---------- DATA EXTRACT ----------

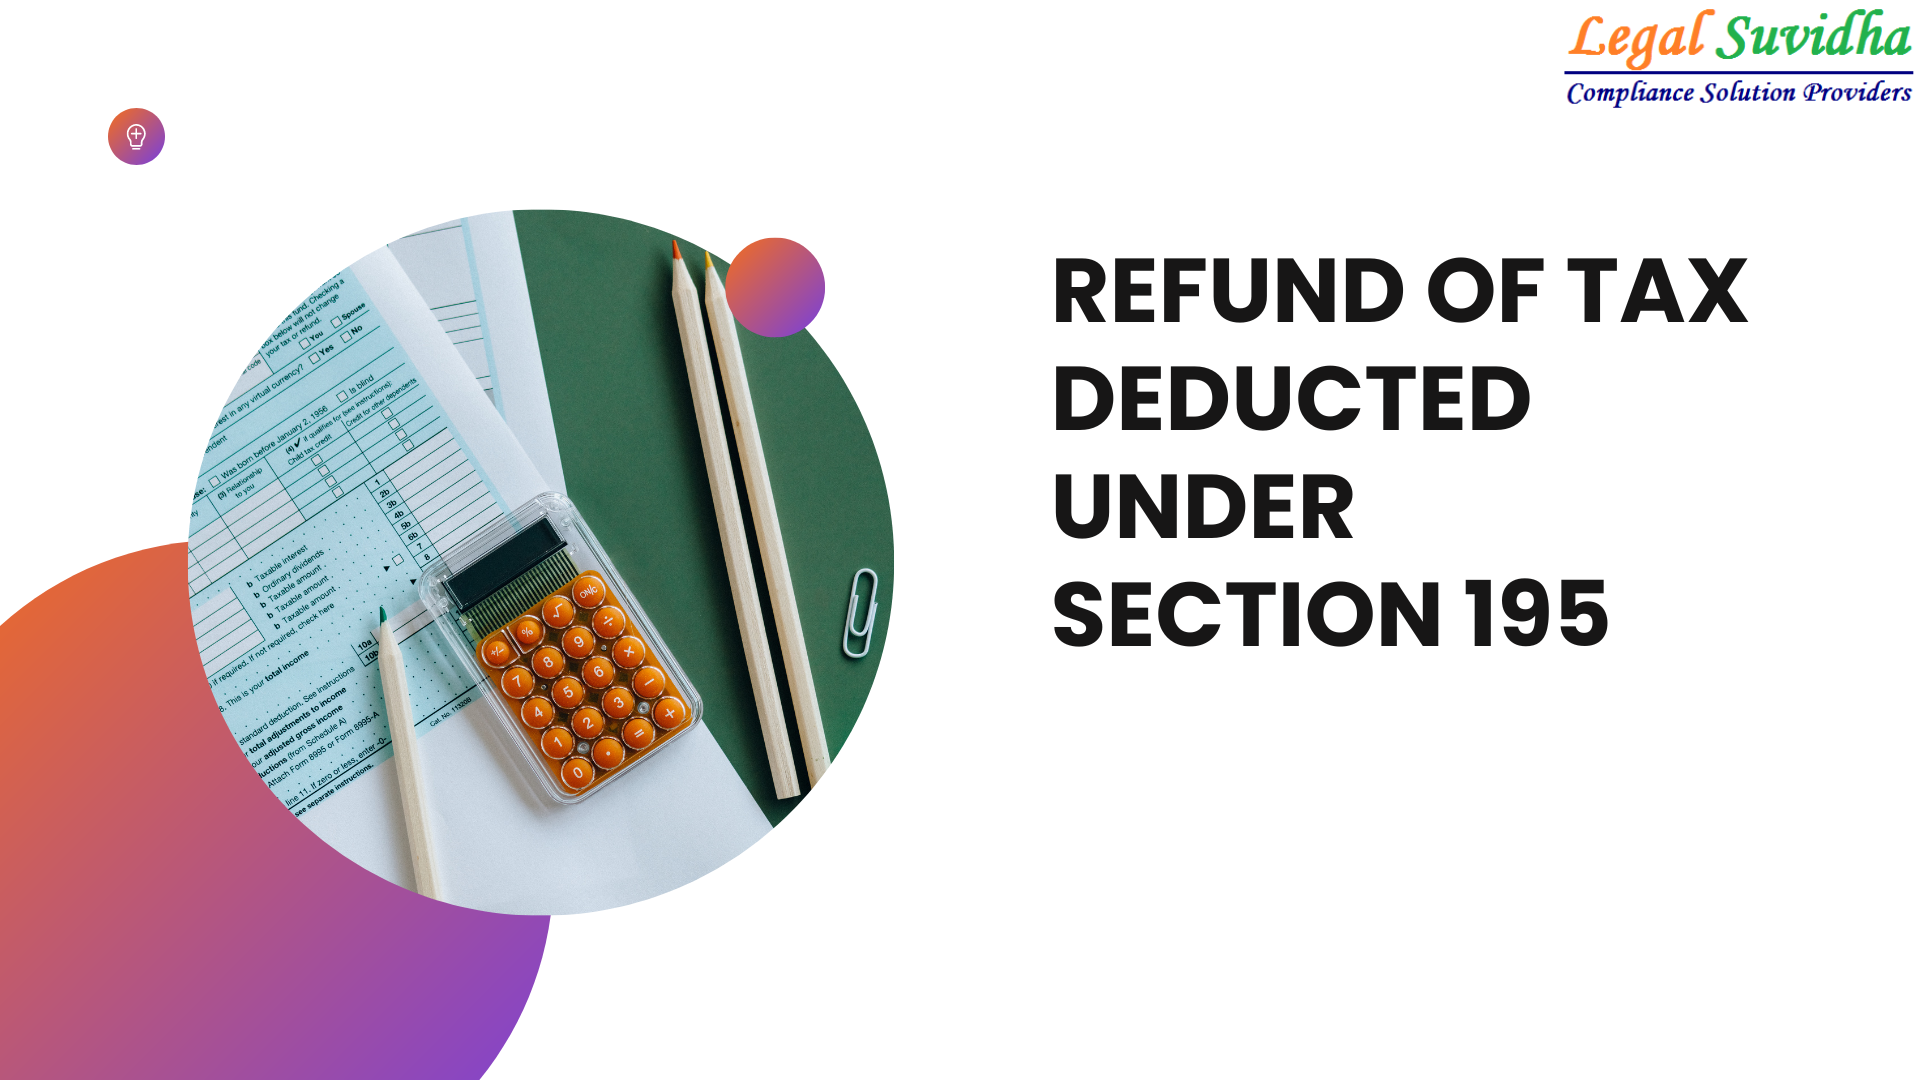 Refund of Tax Deducted
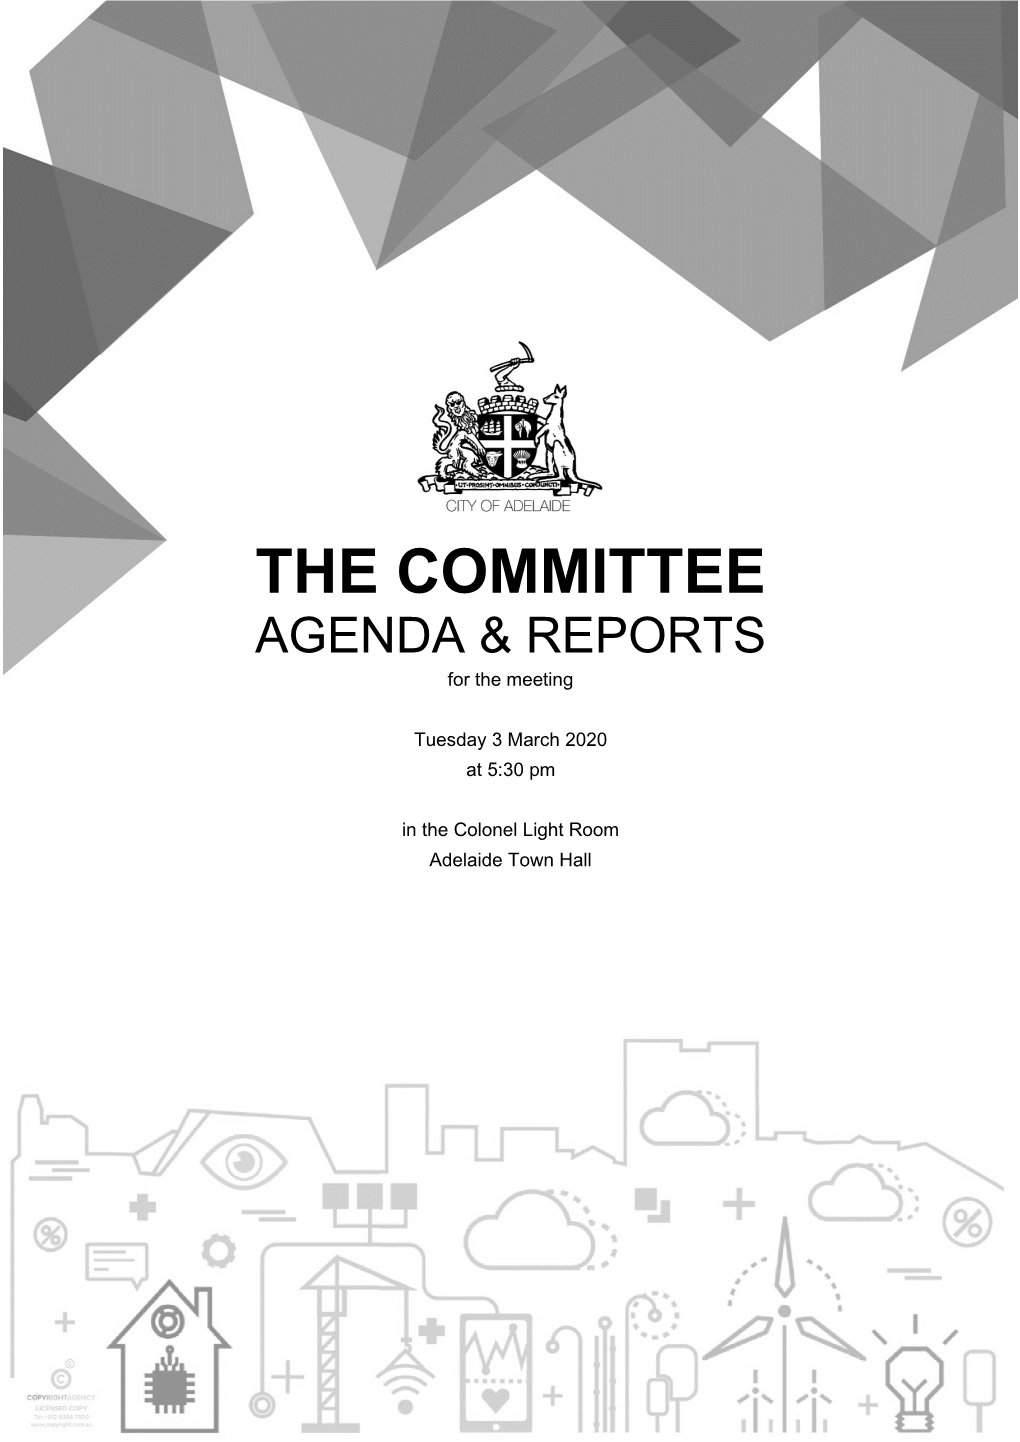 THE COMMITTEE AGENDA & REPORTS for the Meeting
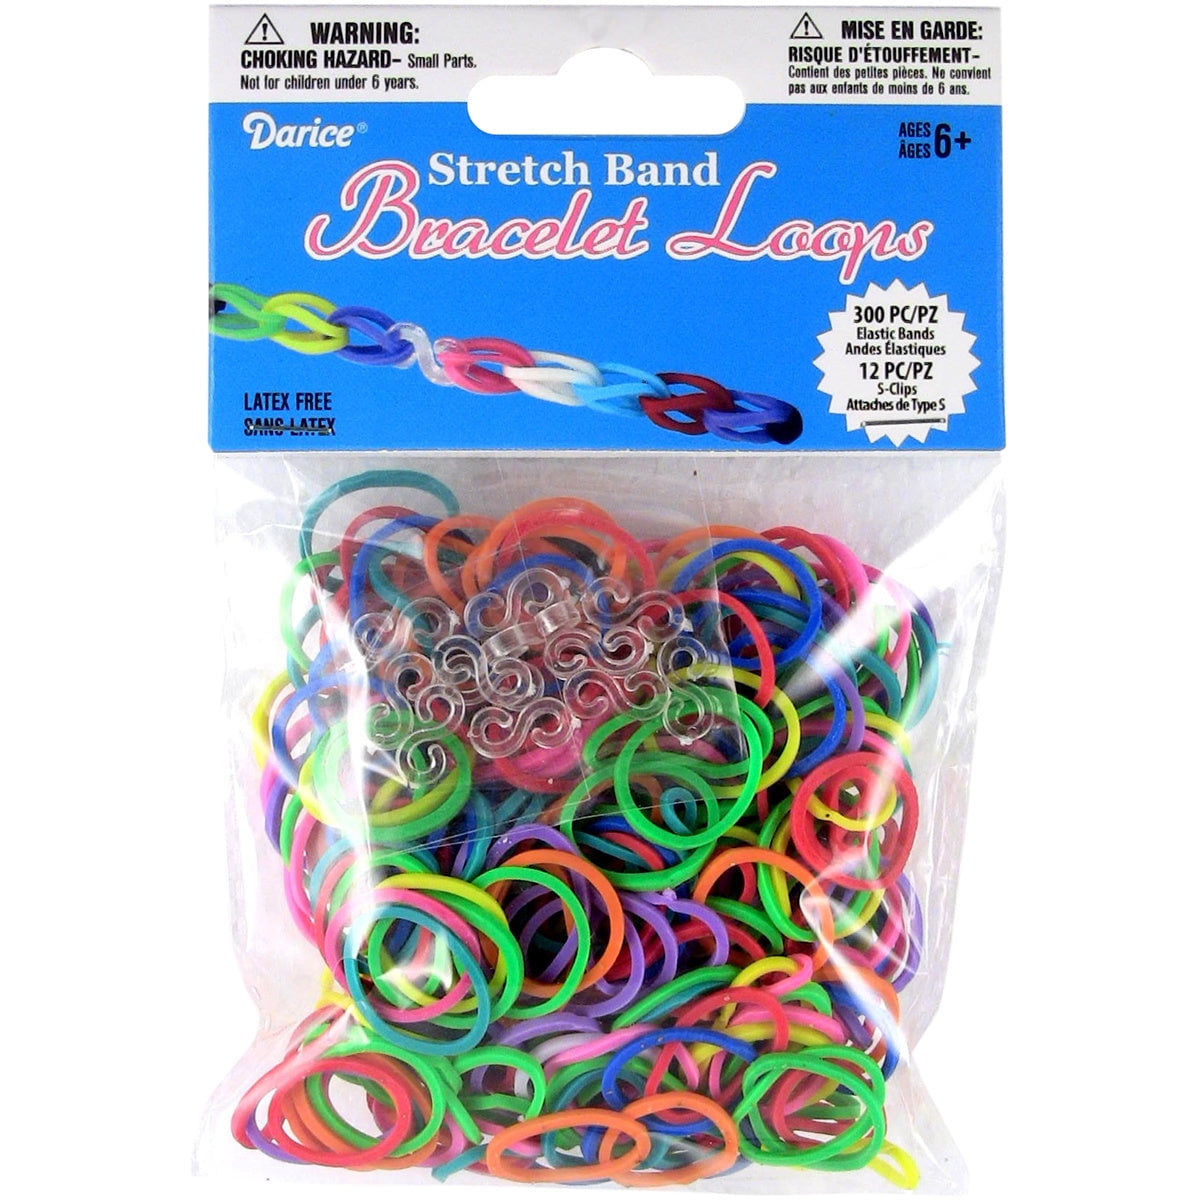 NOGIS 1200pcs S Clips for Rubber Band Bracelets, Colorful and Transparent  Loom Band Clips S Hooks for Loom Bracelets Plastic Loom Bracelet Connectors
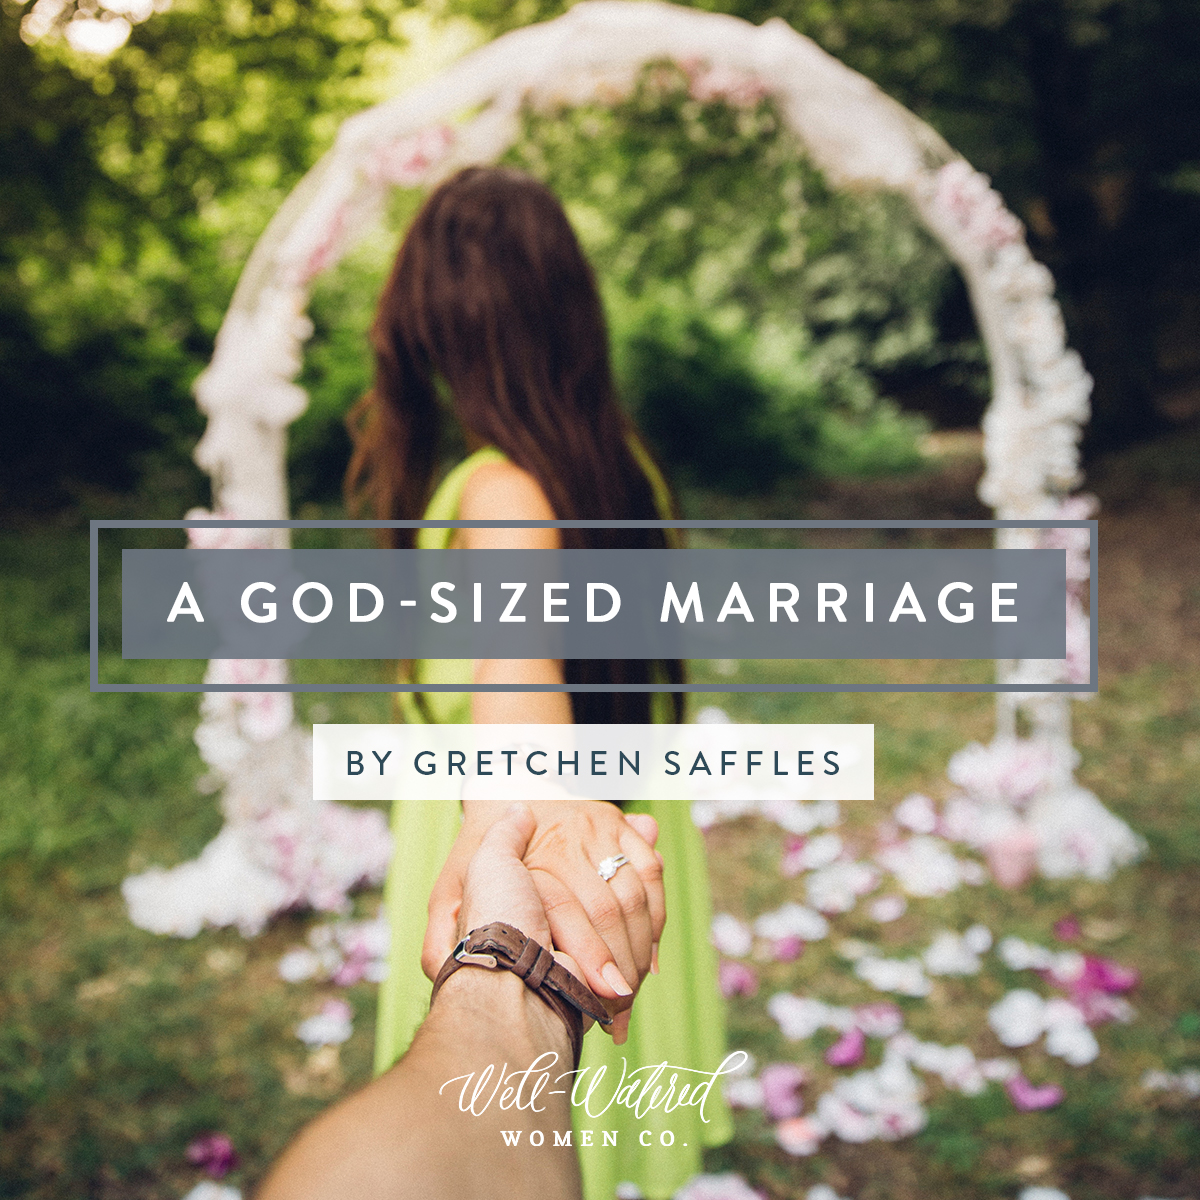 Letting go of expectations to walk in the freedom of a Christ-centered marriage.

----------

Write out the data in full and exactly as given, though without the images.

 Refund of Tax Deducted
 THE COMMITTEE AGENDA & REPORTS for the Meeting
 NOGIS 1200pcs S Clips for Rubber Band Bracelets, Colorful and Transparent  Loom Band Clips S Hooks for Loom Bracelets Plastic Loom Bracelet Connectors
 Letting go of expectations to walk in the freedom of a Christ-centered marriage.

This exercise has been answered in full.